Community Involvement in Healing the Morally Injured

As an Army psychologist named John Rigg wisely said, “Medication doesn’t fix this stuff.”

https://www.theheraldtimes.com/moral-injury-why-it-matters-and-what-we-can-do/meeker/

There’s often a disconnect between those who go to foreign lands to prosecute their nation’s wars and the communities that send them, at least in the US. Not only are they disconnected when they send them, it’s especially acute on the return.

There are no rituals that take collective responsibility for the horrors of war. Instead they expect that veterans quietly suffer like World War I I veterans did. A little known fact is that at one point there were more psychiatric casualties coming home from World War II than new troops being sent over.

During World War II, 504,000 men were lost from America’s combat forces due to psychiatric collapse. (Grossman & Siddle, 2010, p. 442). 

Grossman, D. L., & Siddle, B. K. (2010). Psychological effects of combat. In G. Fink (Ed.), Stress of war, conflict, and disaster (2nd ed., pp. 440–450). Sydney, Australia: Academic Press.

In building the modern warrior class, Western society has distanced itself from the psychological preparation and consequences of combat.  Societies have created and practiced rituals to activate the warrior archetype.  For example, in the past, elders and medicine men would have helped prepare warriors for combat through ritual.  In most Western societies today, these initiation rites, along with the clan chief, elders, and medicine men, have been supplanted by the initiation rituals of boot camp. 

Unfortunately, for the modern warrior, there has been little thought or practice given to ritualistically cleansing or reintegrating the warrior back into civil society upon his return from combat.  Instead, the individual is expected to reintegrate himself, make his or her own meaning and sit with the images given by experience and the individual psyche. Julie Sgarzi (2009) succinctly summarizes: 

We have ceremonies and sacred rites for those killed in battle, but unlike the Navajo people, we lack the needed rituals to contain the full impact of the experiences of these surviving warriors. In short, the modern warrior is left to confront their shadow warrior on their own, placing their experience in an individual context.  Collectively, we muse that they are the lucky ones….in our yearning for a normality that would deny the darkest shadows of combat. (p. 244)

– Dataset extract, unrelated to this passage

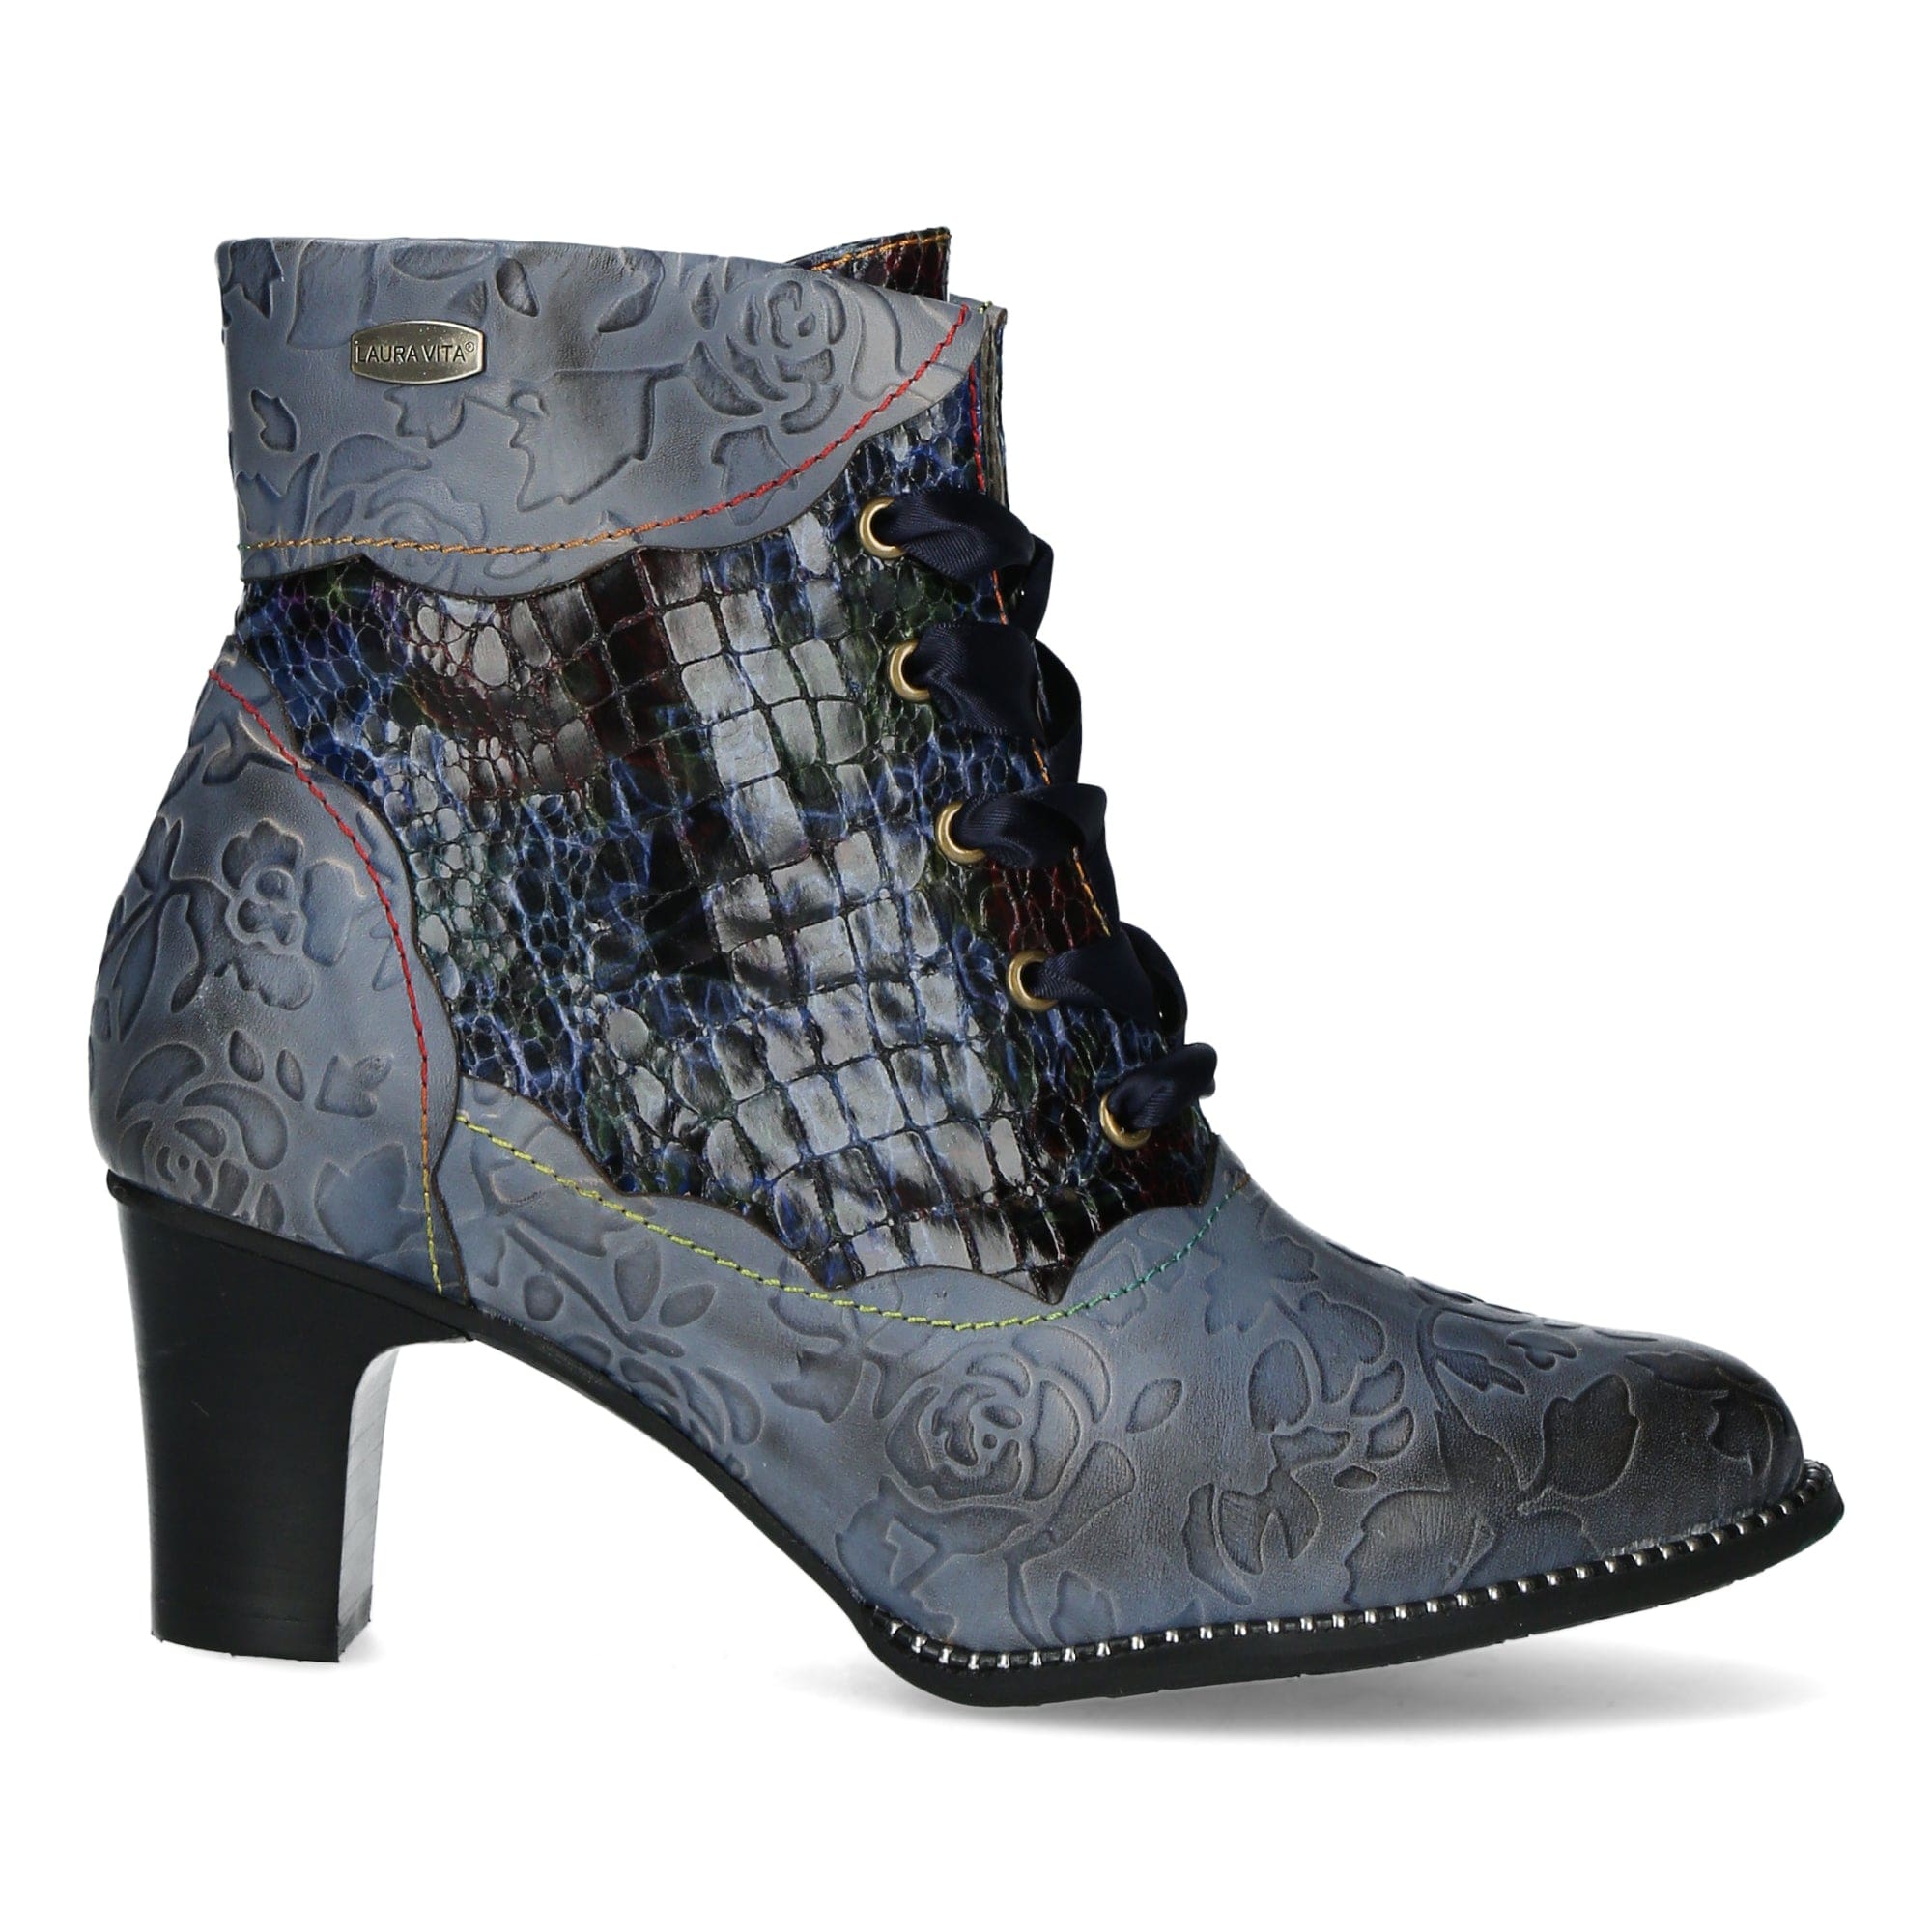 Chaussure ELCODIEO 05B - 35 / Jeans - Boots
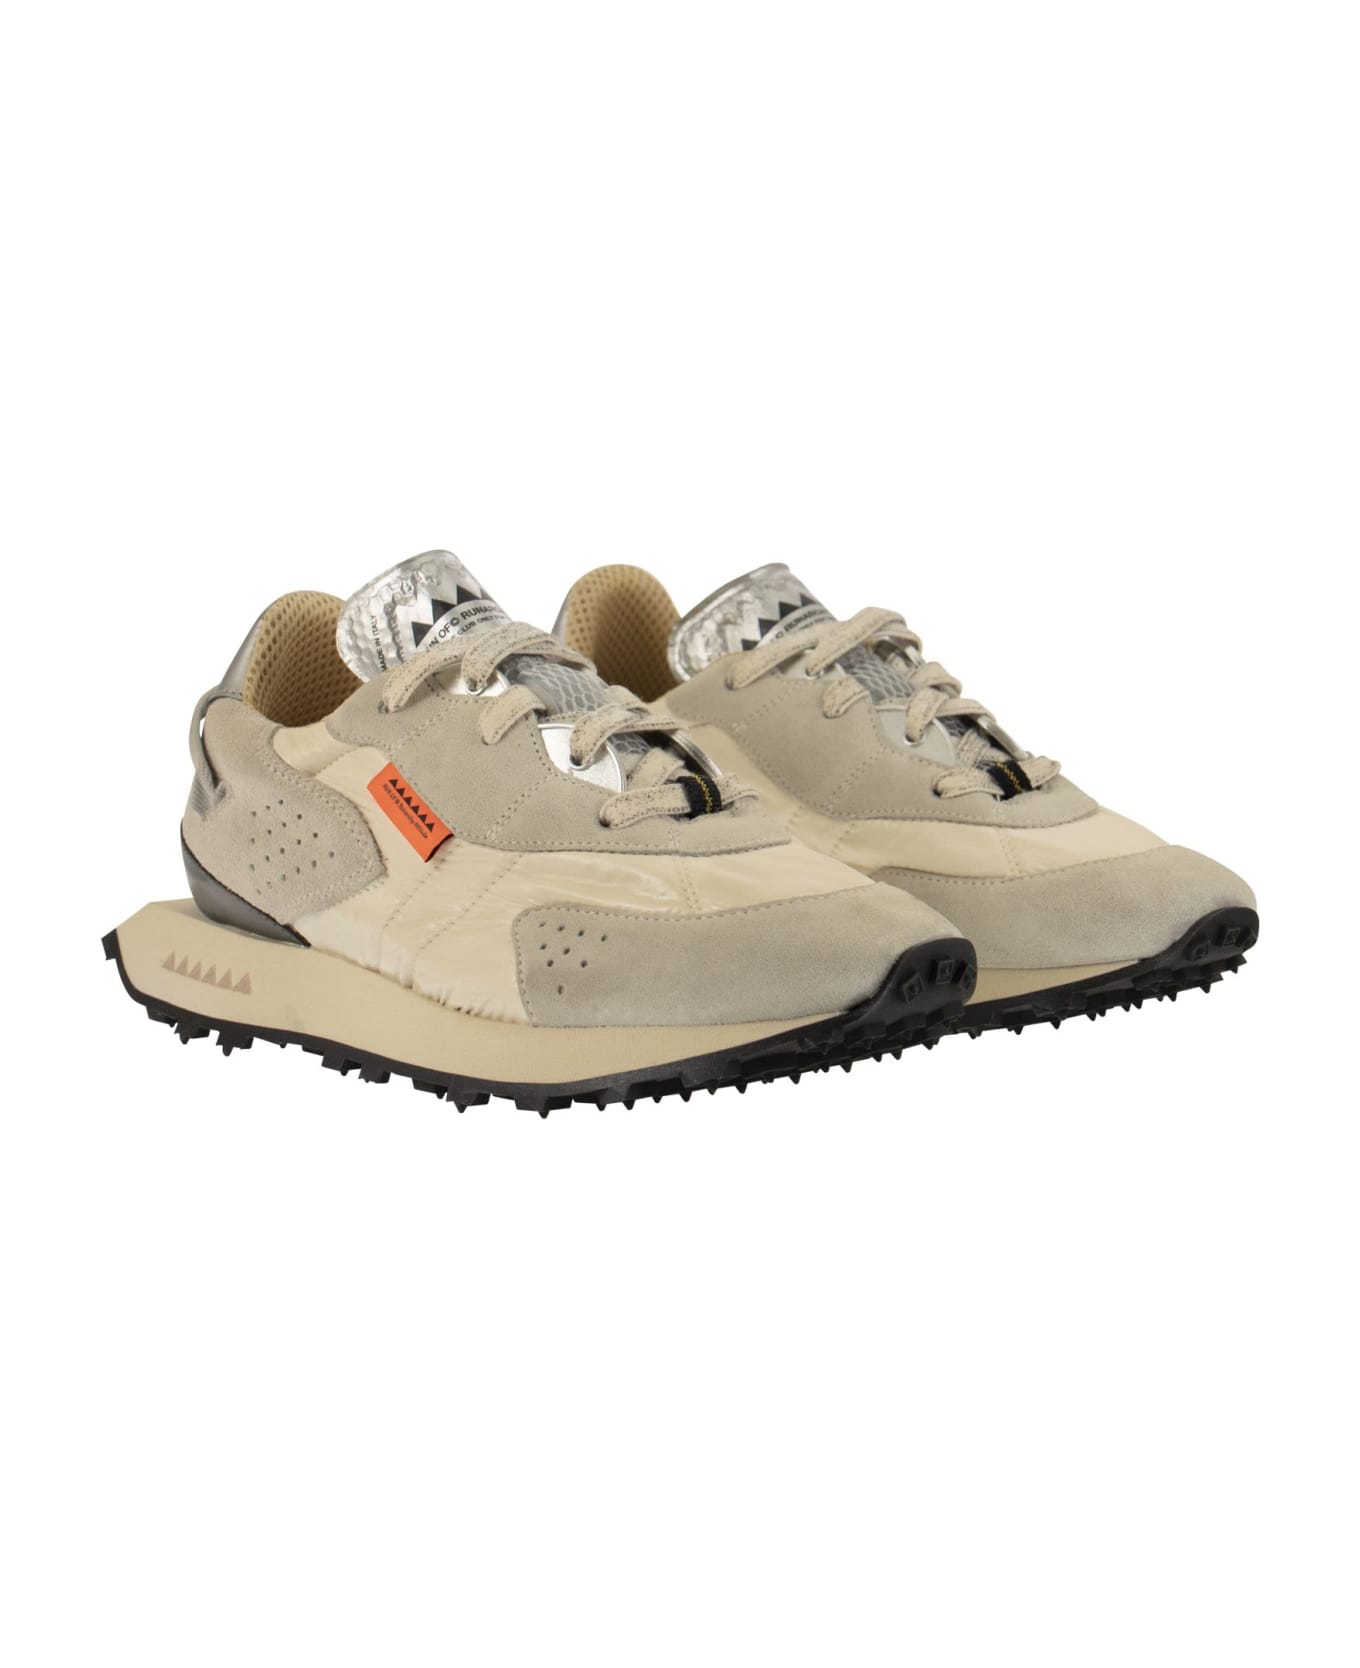 RUN OF Vaporix - Suede And Nylon Trainers - Sand スニーカー

Thus, the returning warrior is often left to “resume his or her pre-war life as quickly as possible, devoid of the ravages of combat, loss, and brutality he or she remembers all too well” (Sgarzi, 2009, p. 244)

In the end, moral injury isn’t just the problem of the person going through it. It’s a shared responsibility within our community because we all play a role in how events unfold. We sent people to war, provided
them with training, and offered our prayers. So, it’s our responsibility to help them heal when they return home.